Thousands of people are employed between just those two institutions alone and makes the fact that PAT must absorb 80% of their travel even more critical to deal with. It's one thing if it was just student travel but the situation in Pittsburgh is totally unacceptable. PAT can't continue absorbing this cost and if these universities want their employees to have free rides, they better start coughing up the cash to pay for it.
The University of Pittsburgh has been whining the most about how much it has to pay now to PAT for the free ride program and has been angling to pay less. The simple fact here is that PAT can't afford to subsidize Pitt's program, especially at 80% subsidization, just so Pitt can use the program to help lure in students as well as employees.
I'm not against free transport for employees and students at a university but I am against providing it when the university doesn't want to pay the full freight for it. The college and/or university is the one that benefits from such an arrangement, not the transit system. The supporters of the program claim it will encourage transit use which is true but on the flip side, it is also helping to bankrupt the transit system so that all the encouraged use will be for nothing.
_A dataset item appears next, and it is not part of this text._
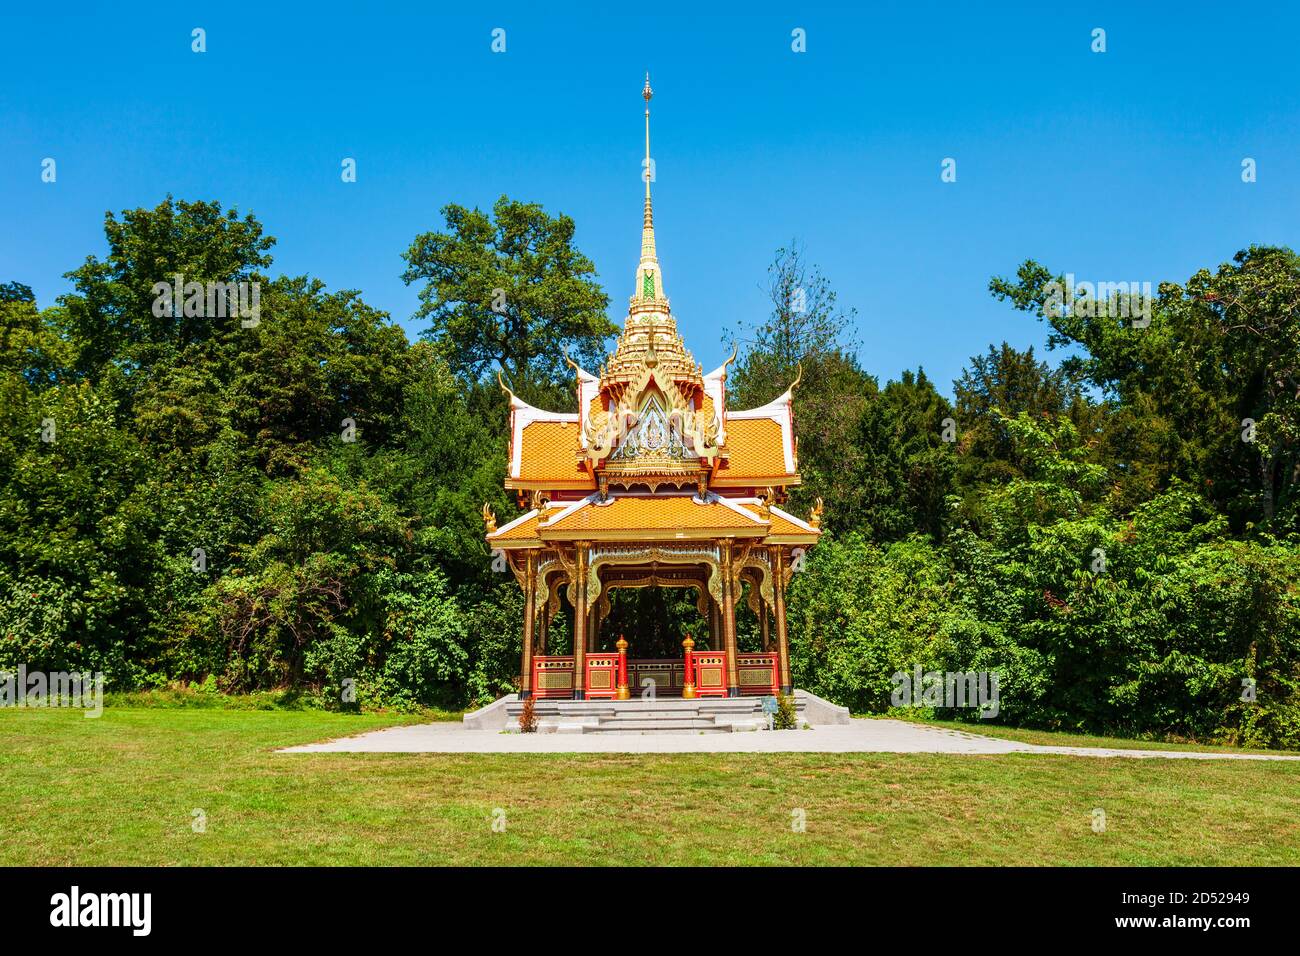 Thai Pavilion oder Pavillon Thailandais ist eine buddhistische Pagode  Tempel in Thailand Stil in der Stadt Lausanne in der Schweiz  Stockfotografie - Alamy

Pitt, CMU and other institutions and businesses that have such plans need to pay for it. The transit system can't continue to afford subsidizing these free rides to the tune of 80% of the cost of each rider, as is the case at PAT and the Pitt/CMU arrangement.
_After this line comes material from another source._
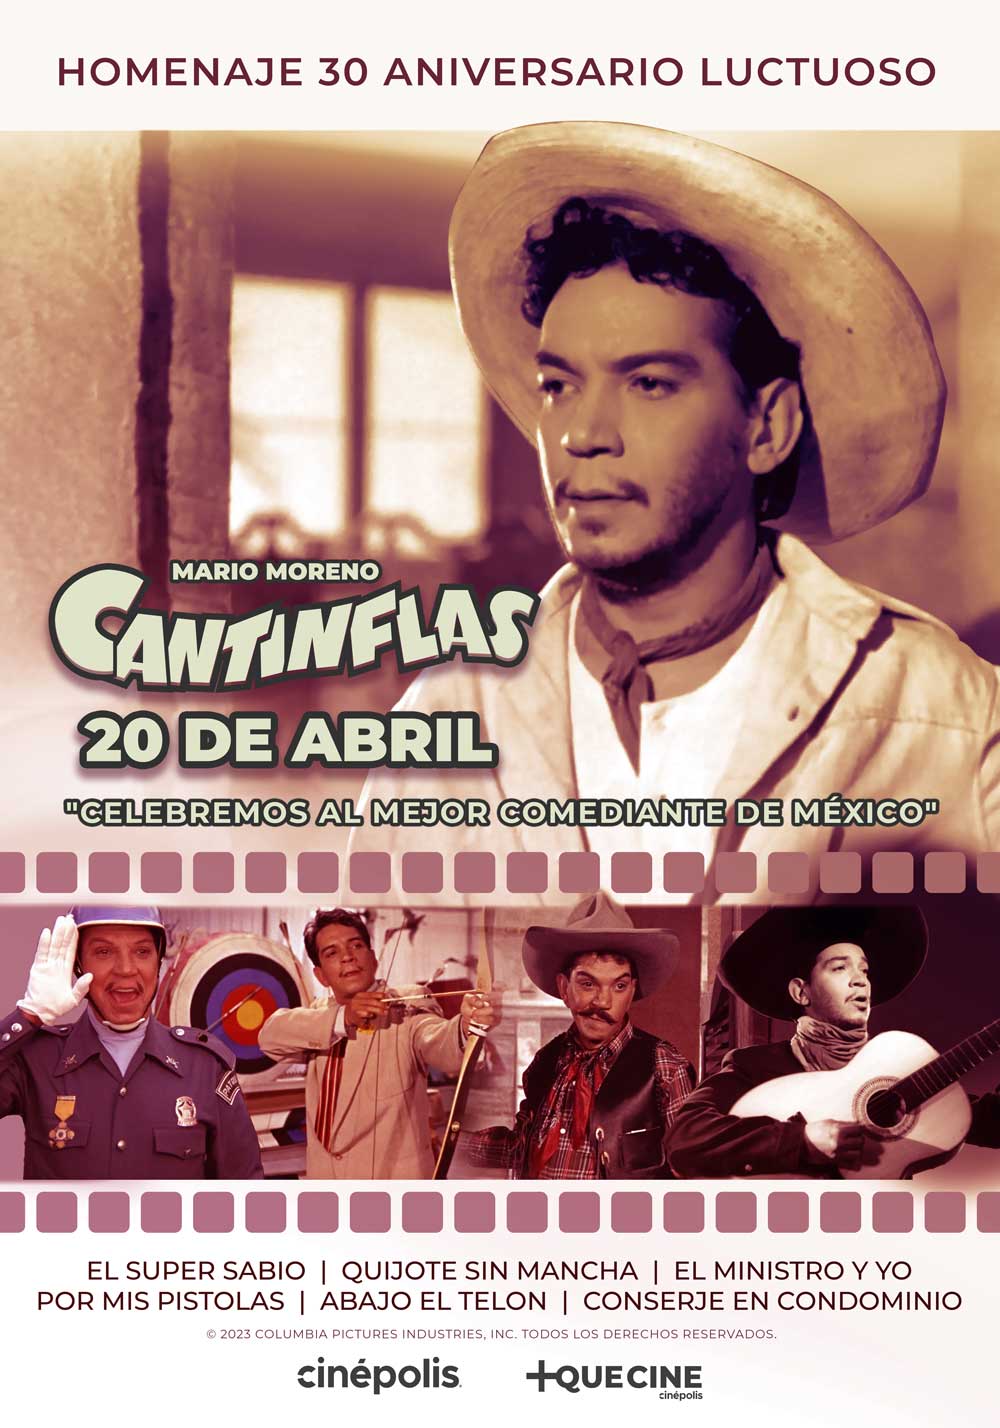 Cinépolis brinda un Homenaje a Mario Moreno "Cantinflas" 1

As mentioned in the earlier article, PAT isn't innocent in this mess. They failed to charge enough on the first contract so the precedent is set price wise. The universities have been balking at the cost from day one and want to pay less but they really need to be quadrupling their payment for the free transit perk for their students and employees. PAT officials, trying to help encourage transit use as well as polish its image, were too eager to acquiesce to demands for smaller contract fees initially.
What I see happening in Pittsburgh is that PAT will get the universities to pay a bit more but nowhere close to the amount required. If PAT is lucky, they'll end up subsidizing each ride to the tune of 65% to 70% rather than the 80% they currently do. PAT is painted into a corner on this one.
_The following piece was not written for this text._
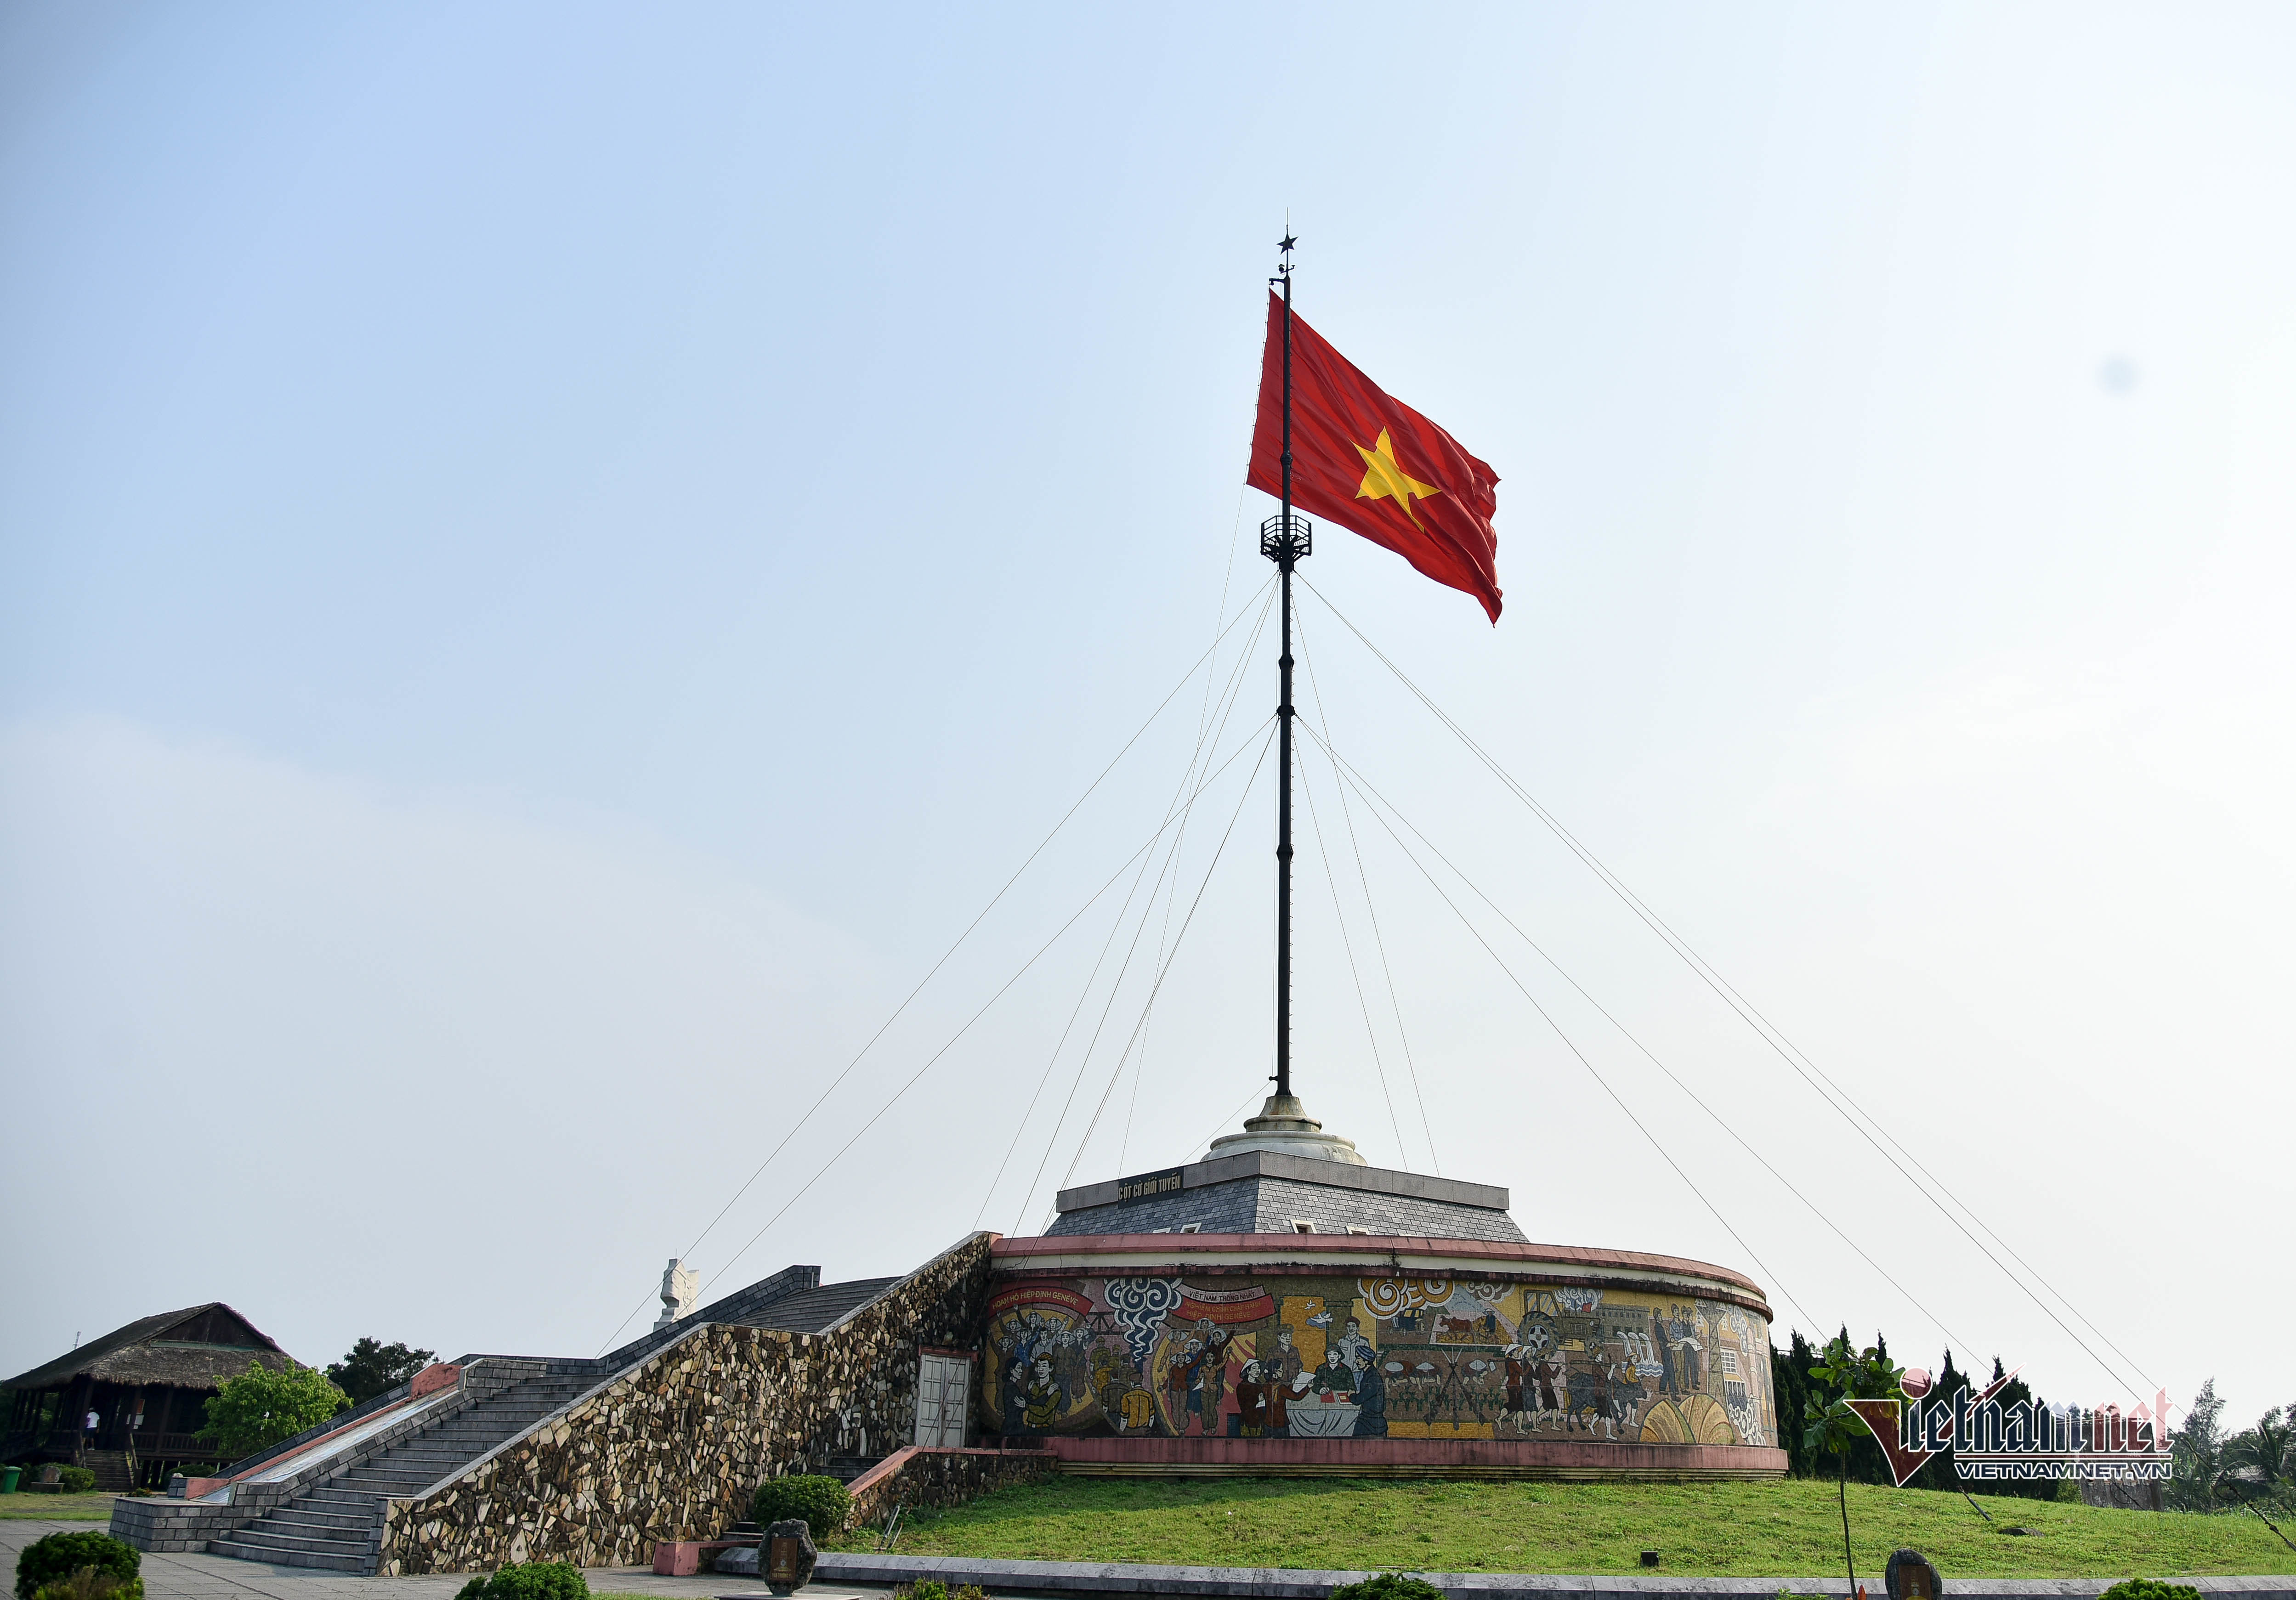 Hãy cùng nhìn vào bức ảnh về đường biên giới Hiền Lương, nơi đã diễn ra một trận chiến lịch sử giữa Việt Nam và Trung Quốc. Chúng ta có thể thấy cờ Việt Nam được treo lên cao, tôn vinh lòng yêu nước và niềm tự hào dân tộc. Hãy cùng nhau tạo ra một lá cờ Việt Nam bằng giấy để gợi nhắc lại niềm kiêu hãnh này.

If PAT were to not re-up the contract where it continues to heavily subsidize the free rides, students would be protesting on the street over the callousness of PAT's actions while being urged on by the university. University officials would be sending out press releases blasting the decision and claiming PAT is turning away riders and trying to make the cost of education even more expensive. The Liberal leaning Pittsburgh Post-Gazette (who totally ignored this story by the way) and campus newspapers would be blasting PAT from all sides in both news stories as well as in editorials. Few would hear PAT's side under the din of protest which is that PAT is losing tens of millions of dollars subsidizing a free ride service that the universities should be subsidizing since they are the ones that want it.
Even if PAT ends up getting a bit more money, universities will lambaste PAT by increasing tuition under the excuse of having to pay PAT their blood money. It's a public relations nightmare PAT faces in addition to the fiscal problems they already have. As I have long said, "once the government giveth, it can't taketh away easily". PAT is basically in a lose-lose situation over this while the universities hold the trump card.